EXERCISE DIRECTIONS: With every picture left out, restate the listing below exactly as written.
[[ DATASET SECTION open ]]
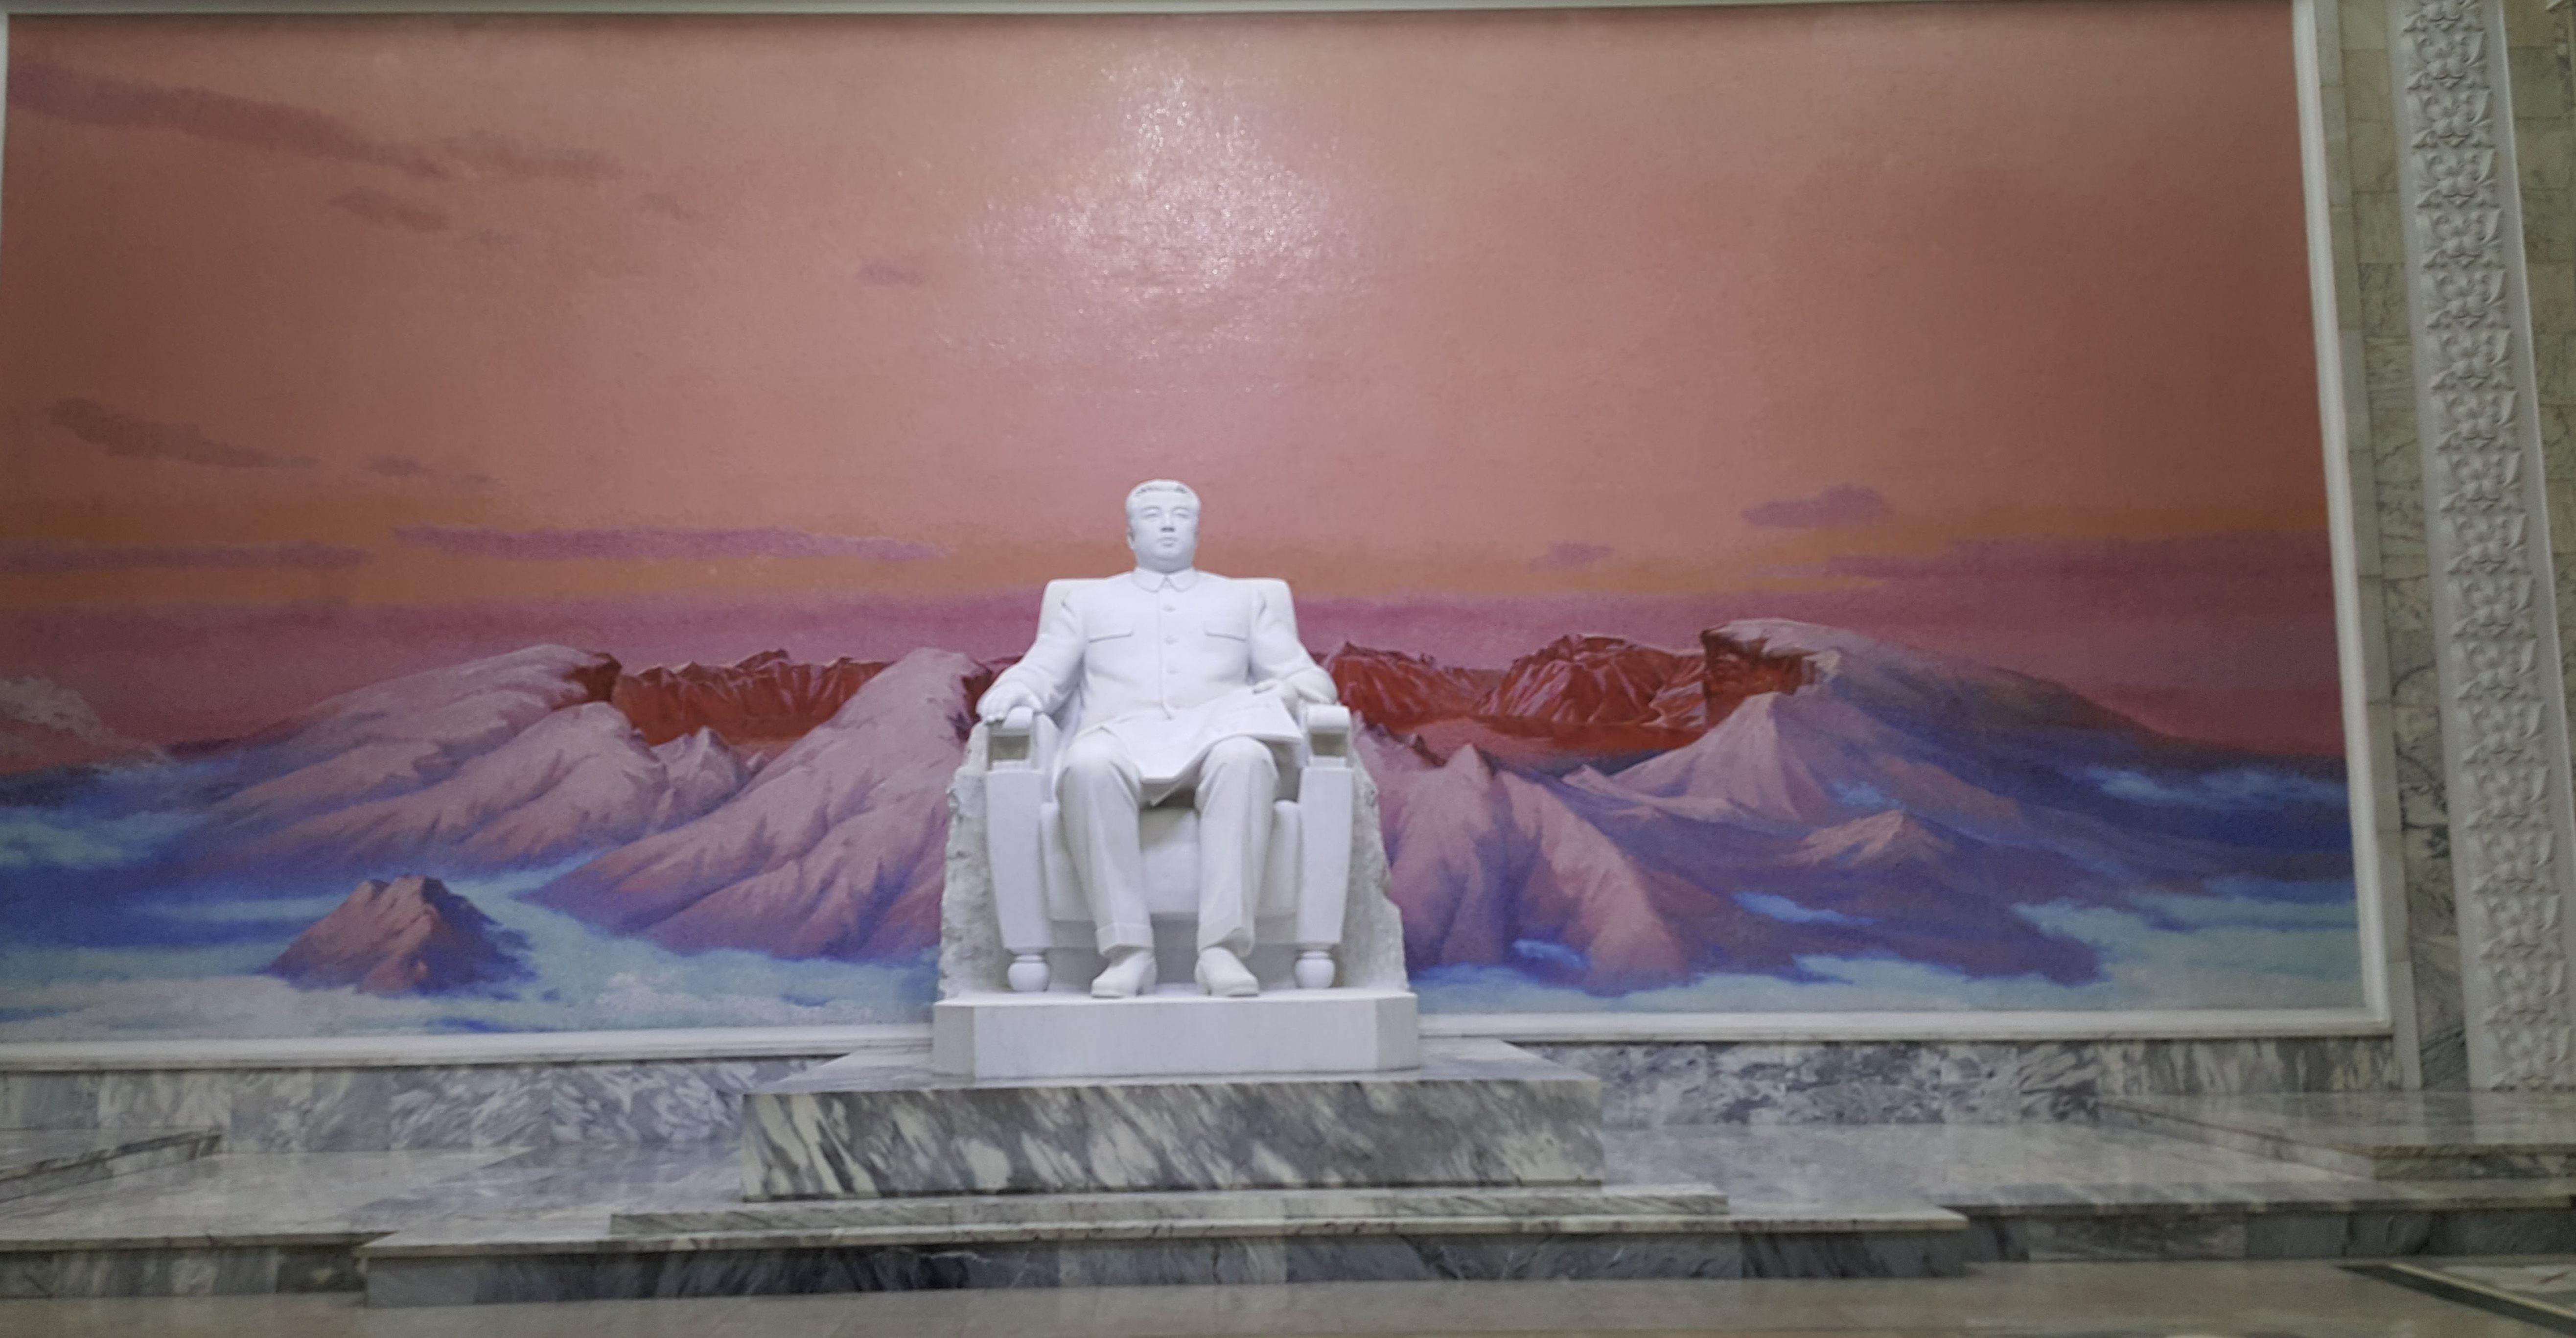 Det første som møter besøkende når de går av togene er selvsagt landets Gud, tidligere diktator Kim Il-sung som døde i 1004.
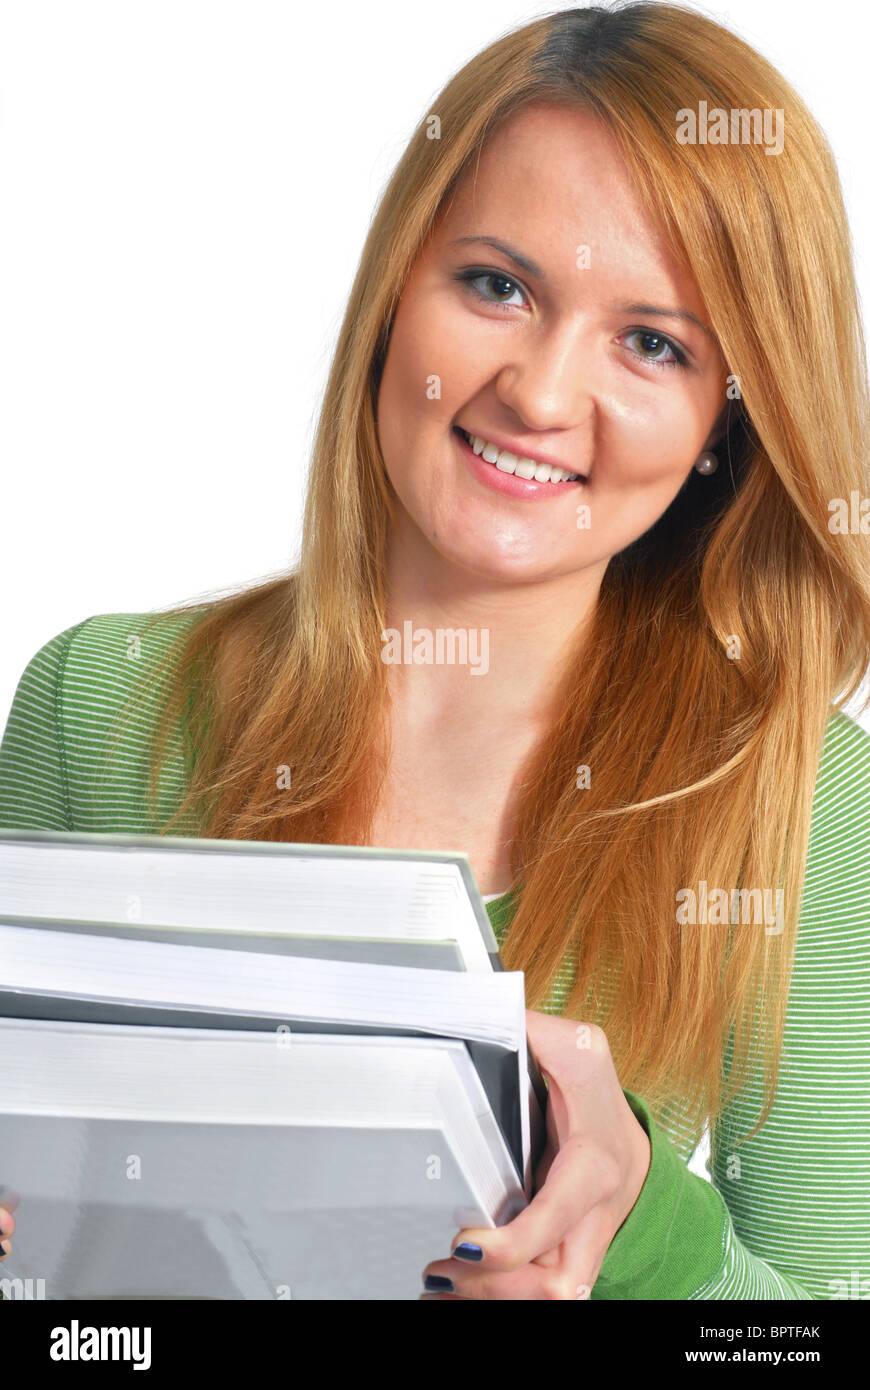 Ritratto di una giovane e bella studentessa con libri Immagini Stock
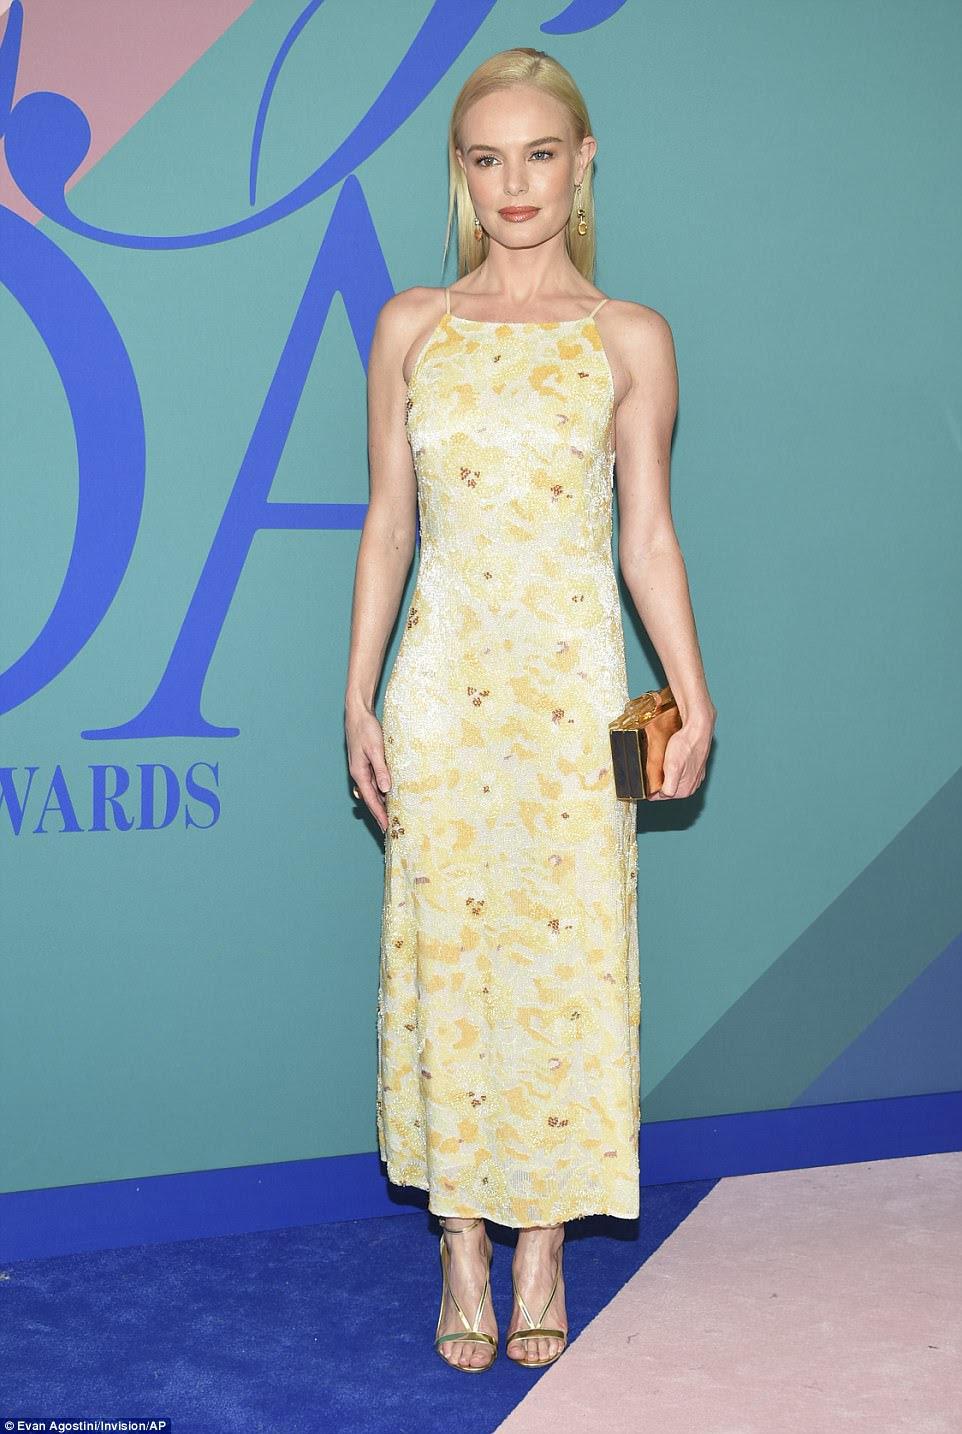 Poder das flores: Kate Bosworth, que se tornou um nome familiar depois de estrelar em Blue Crush, parecia bonita como uma foto em seu vestido floral de contas amarelas e brancas;  A atriz emparelhou o vestido flirty com acessórios de ouro
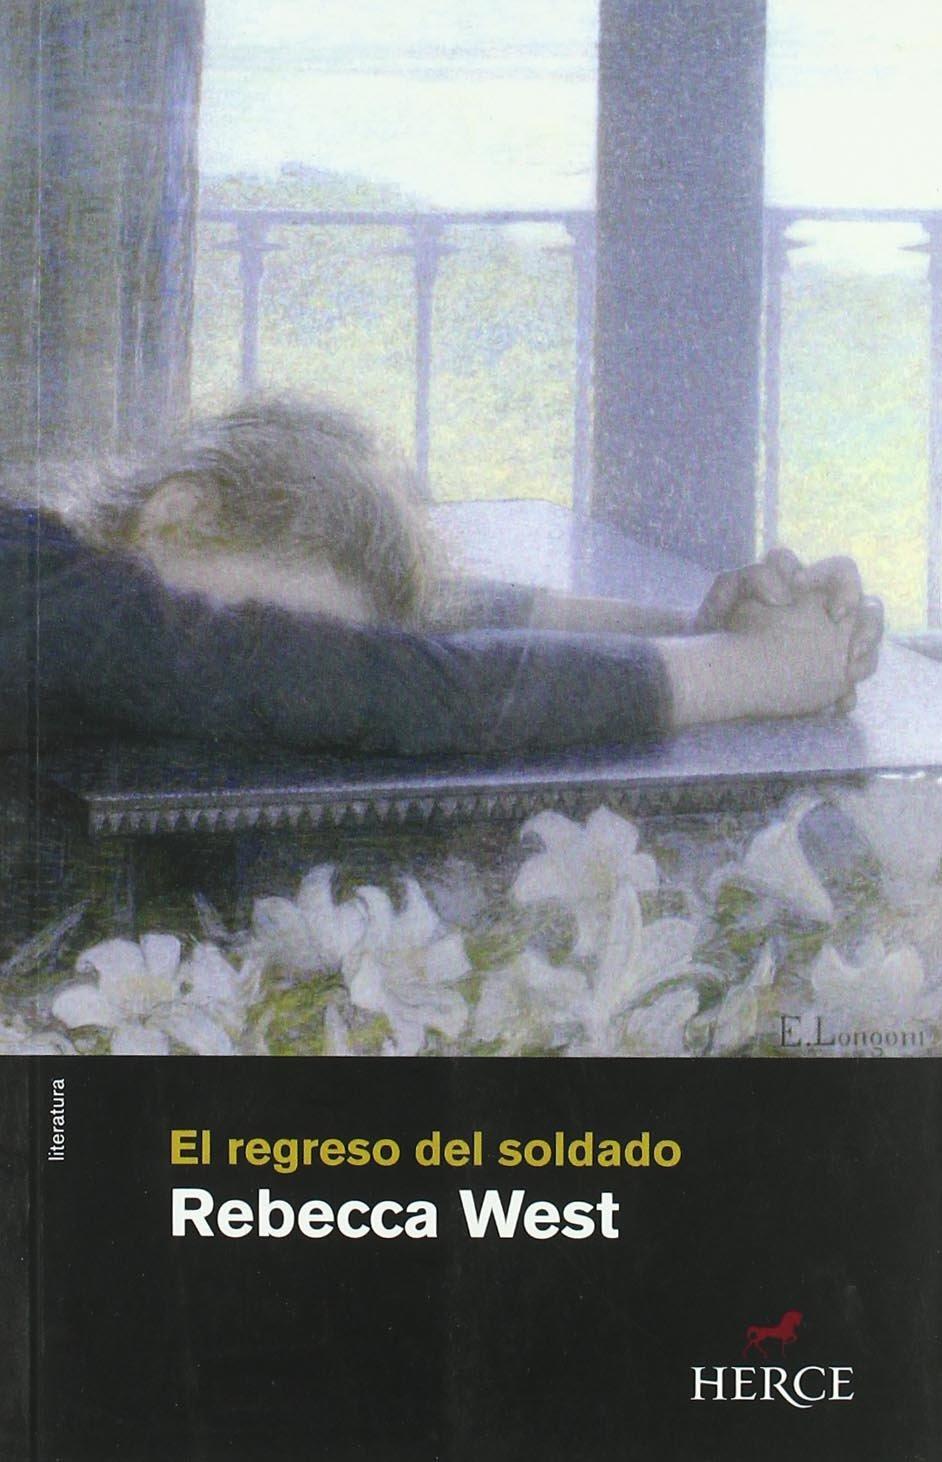 ¿Que estáis leyendo ahora? - Página 15 71P6KqAborL
[[ DATASET SECTION closed ]]
EXERCISE RESULT:
 Det første som møter besøkende når de går av togene er selvsagt landets Gud, tidligere diktator Kim Il-sung som døde i 1004.
 Ritratto di una giovane e bella studentessa con libri Immagini Stock
 Poder das flores: Kate Bosworth, que se tornou um nome familiar depois de estrelar em Blue Crush, parecia bonita como uma foto em seu vestido floral de contas amarelas e brancas;  A atriz emparelhou o vestido flirty com acessórios de ouro
 ¿Que estáis leyendo ahora? - Página 15 71P6KqAborL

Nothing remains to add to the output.